The trend in asphalt sales shows that more road work in London, the East Midlands and the South West in the past year was offset by declines in most other regions in Britain, and most particularly in Scotland, where some major projects, including the Forth Replacement Crossing, came to an end last year.

Sales of RMC declined by 6.7% in the 12 months to March 2018, driven by a sharp decline in London, which accounts for 22% of the total GB market. The majority of RMC is used in non-housing new construction, as well as general repair and maintenance work. Demand from infrastructure construction in London is currently being supported by projects such as Thames Tideway, so the weakness in the London market since mid-2016 is seen as a reflection of a sharp slowdown in commercial office building and repair and maintenance work in the capital.

Aurelie Delannoy, director of economic affairs at the MPA, said: “Further growth this year in terms of new housing and infrastructure construction work should support mineral products markets. However, this will be offset by the sharp decline expected in commercial work, the third biggest construction sector. Should greater clarity emerge on the Brexit negotiations over the next few months be achieved, this would help unlock stalled investment decisions since the Referendum, although it would still take time new investment decisions to translate into new market demand. This means mineral products producers are expecting a generally flat market this year.”
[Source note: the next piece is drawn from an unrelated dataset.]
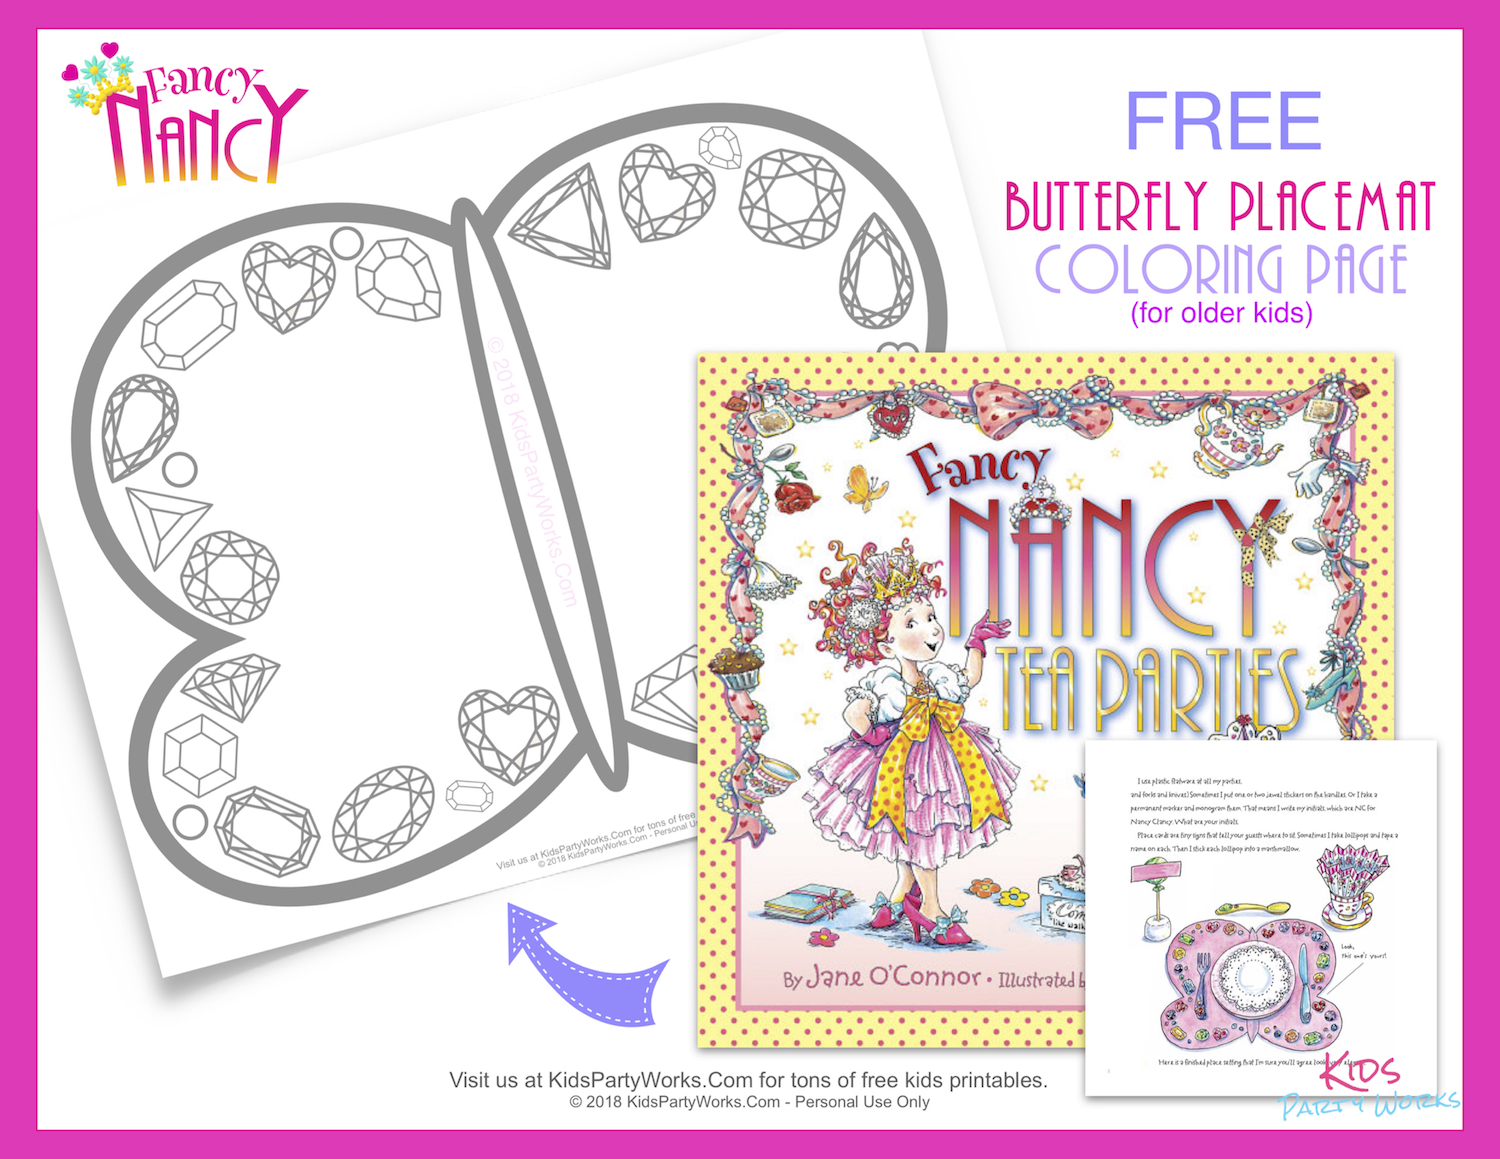 Kids will have fun coloring this Free printable Fancy Nancy Tea Parties butterfly placemat with beautiful gems, just like in the book.

She added: “Markets will have to wait for 2019, when a boost in demand should come from the planned acceleration in the Road Investment Strategy spending plans and work underway for HS2 and Hinkley Point C. It is therefore essential that there are no further delays on the delivery of these projects, and that any new and unnecessary sources of economic and political uncertainty are averted, to boost confidence and encourage positive investment decisions.”